Fevipiprant vs Minoxidil

Fevipiprant wins for diversifying mechanism against PGD2-driven follicle inhibition, oral convenience, and synergy in advanced multi-agent hair stacks where androgen suppression alone is maxed out.

Minoxidil wins for sheer regrowth efficacy, proven outcomes, universal availability (topical and oral), and a decades-deep safety track record backing real-world hair retention across scenarios.
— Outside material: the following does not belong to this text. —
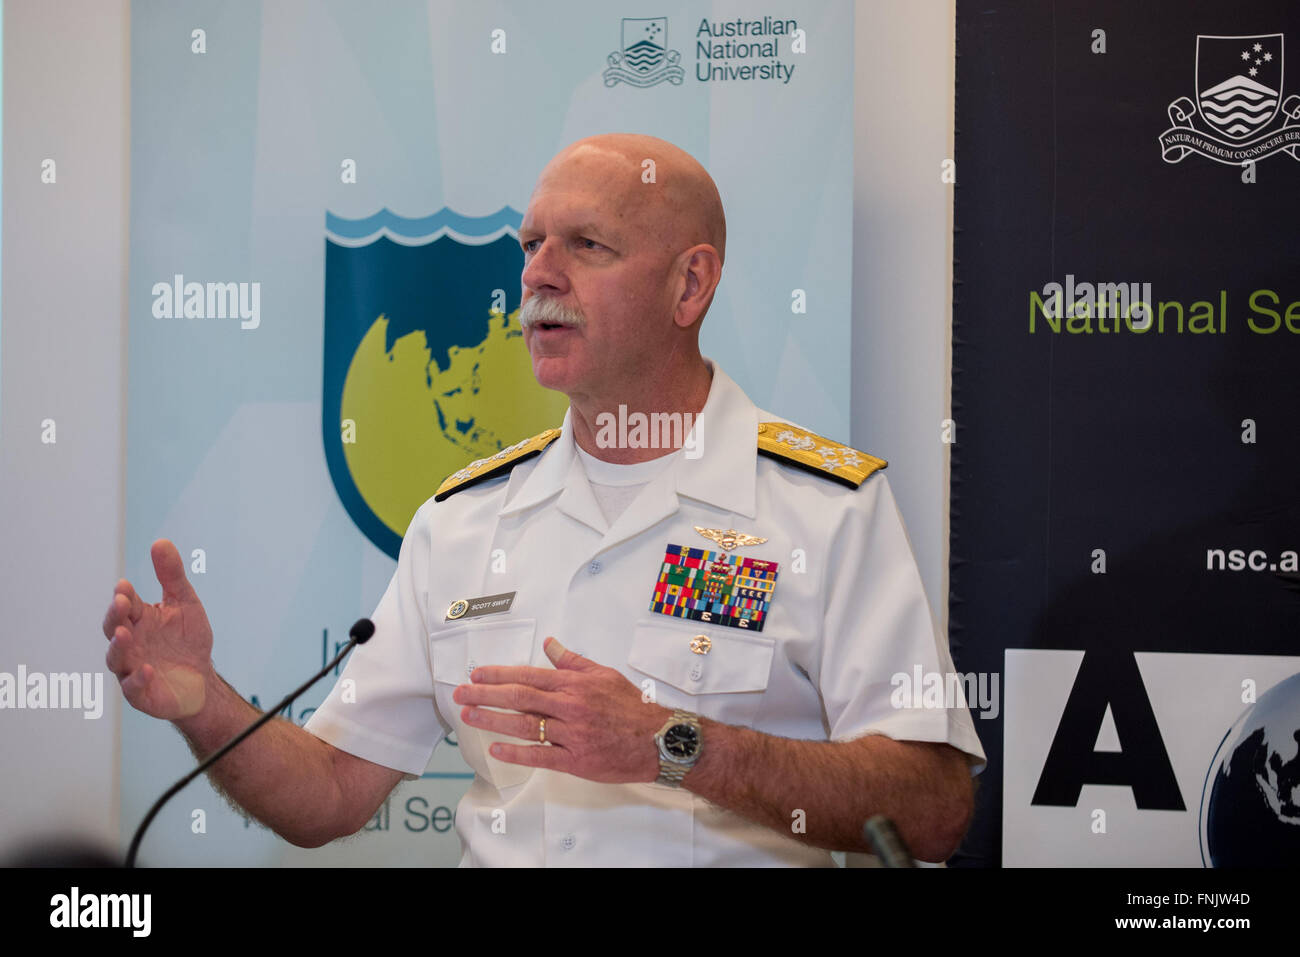 Canberra, Australia. 16th Mar, 2016. U.S. Pacific Fleet Commander Scott Swift delivers a speech at the Indo-Pacific Maritime Security Conference hosted by the Australia National University's National Security College in Canberra, Australia, March 16, 2016. © Justin Qian/Xinhua/Alamy Live News Stock Photo

Minoxidil's benefits are consistent and reproducible; fevipiprant remains experimental, with efficacy unproven in AGA.

Pick Fevipiprant if:

• The protocol is targeting the PGD2/DP2 axis specifically (e.g., in a fin/dut + minox stack, to address androgen resistance).
• Other avenues (5-AR inhibitors, AR antagonists, minoxidil) are maxed and additional regrowth is being pursued via new mechanism.
• There is a biochemical or mechanistic interest in DP2 antagonism or documented PGD2-driven hair loss.
• Experimentation in a research context is acceptable, and the investigator is prepared for an unclear efficacy profile.
• Side-effect mitigation is prioritized (fevipiprant's profile in asthma trials is relatively mild vs. other oral agents).

Pick Minoxidil if:

• Maximizing hair regrowth in androgenetic alopecia with a gold-standard, proven option is the goal.
• Sourcing, cost, and ease of use (topical or oral) are priorities.
• The research goal includes immediate, visible effects within 3–6 months and long-term sustainability with continued administration.
• A reliable backbone for holding or regrowing density is required (minoxidil stacks with both antiandrogens and novel agents).
• A protocol favoring well-documented outcomes and manageable, well-understood side effects is preferred.